(Data provided Opens)

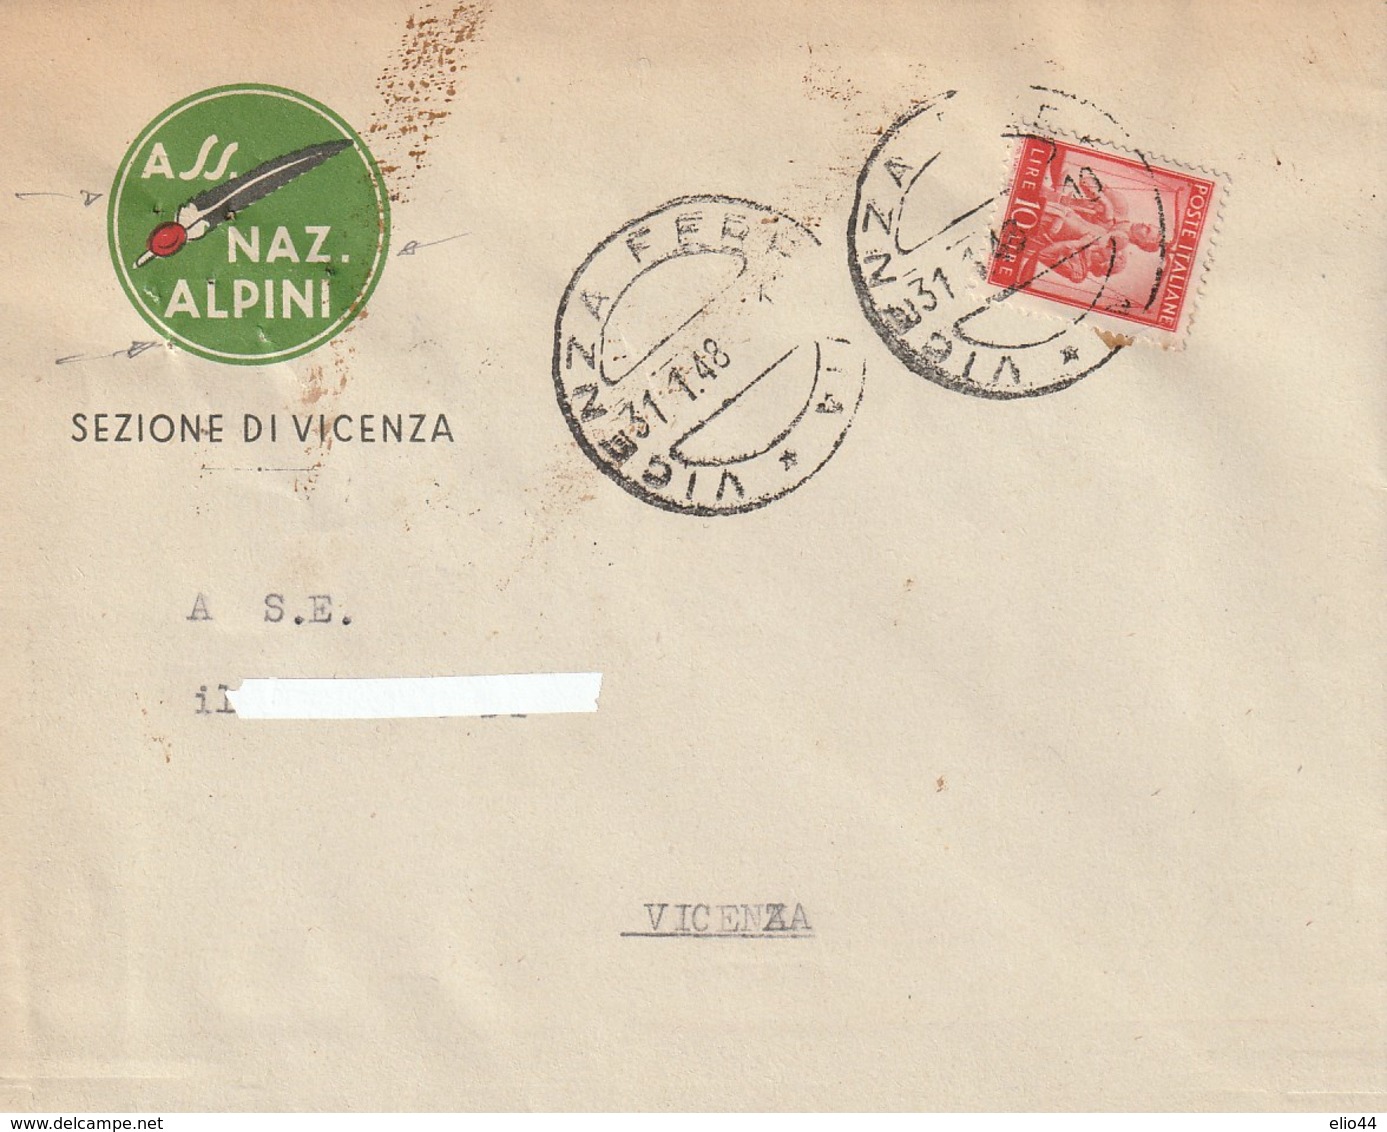 Veneto - Vicenza - A.N.A. Sezione Di Vicenza - - Vicenza
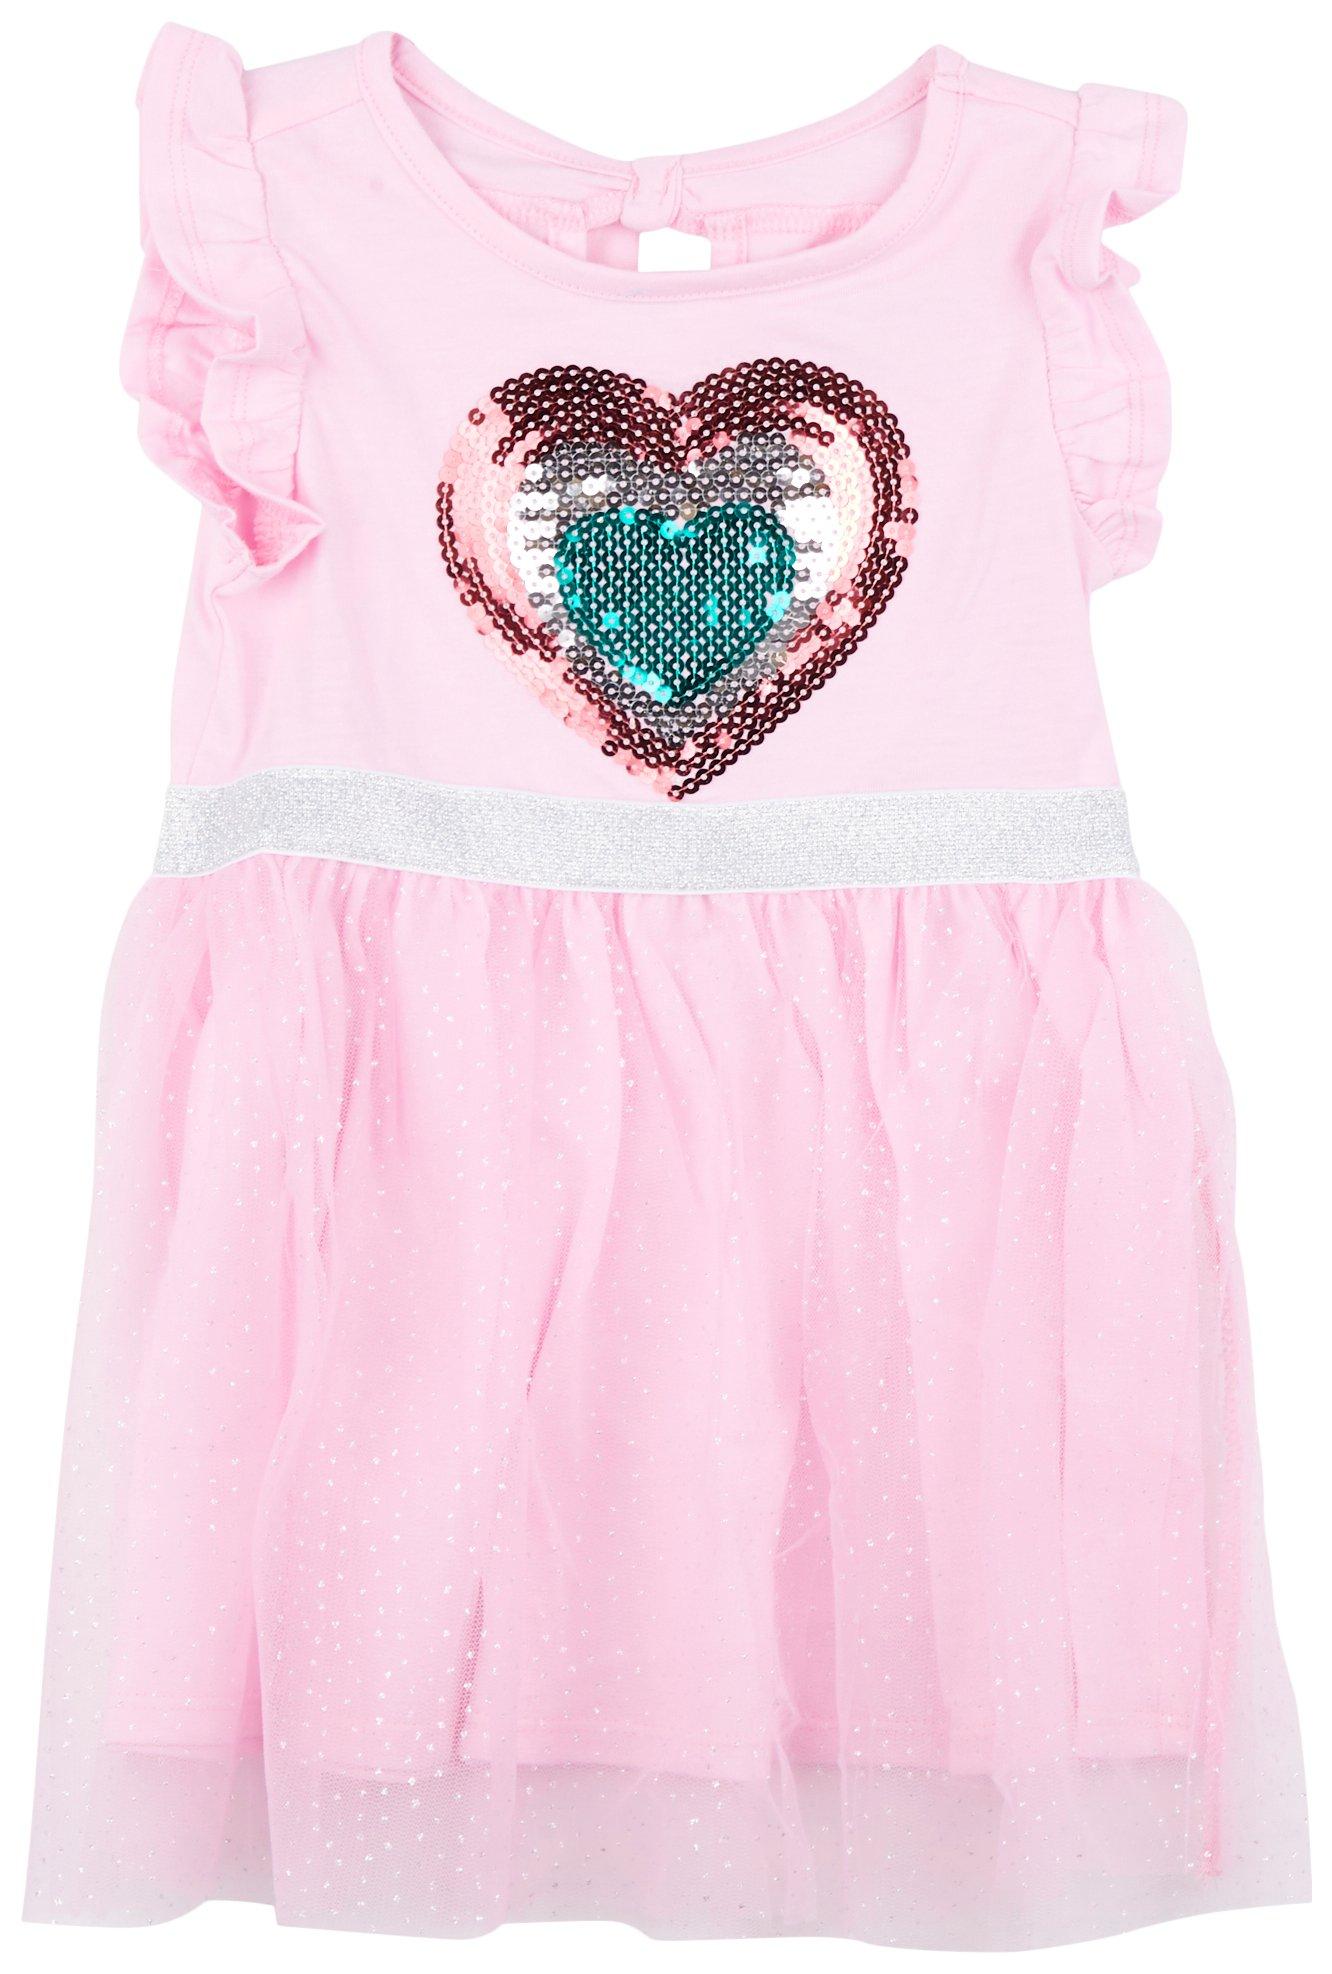 Toddler Girls Heart Sequin Flutter Sleeve Dress
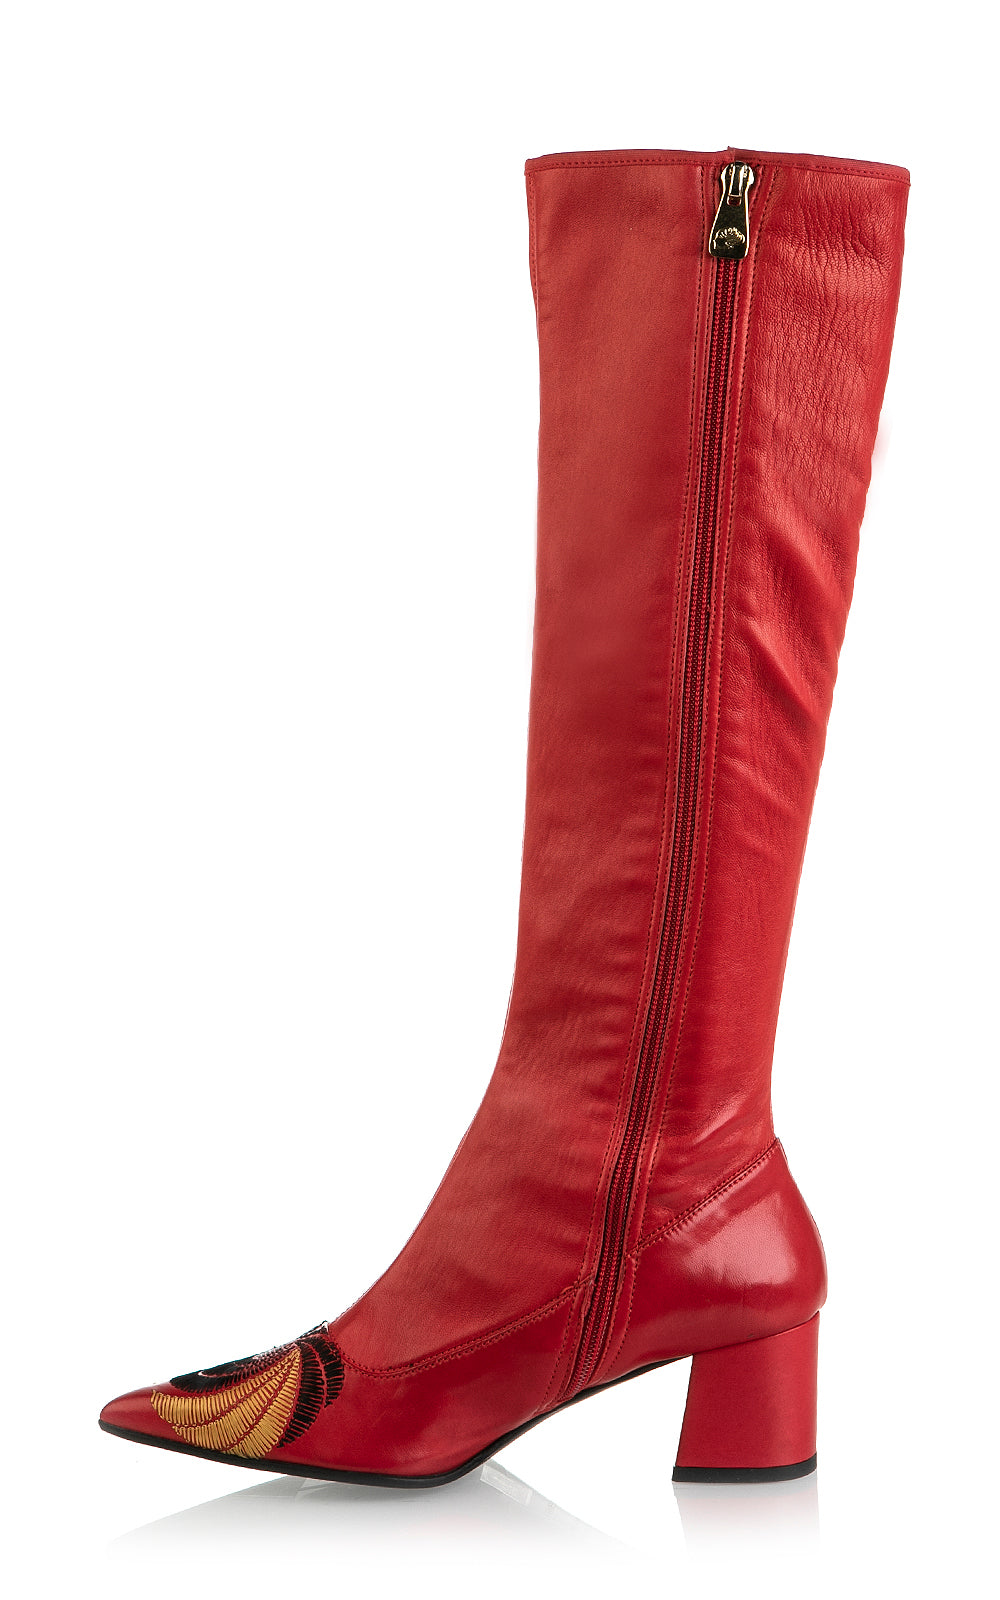 8043 Fiorangelo Boots / Red

(Data provided Closes)

Work required
Without including the pictures, copy all of the data exactly.

Task output
 Veneto - Vicenza - A.N.A. Sezione Di Vicenza - - Vicenza
 Toddler Girls Heart Sequin Flutter Sleeve Dress
 8043 Fiorangelo Boots / Red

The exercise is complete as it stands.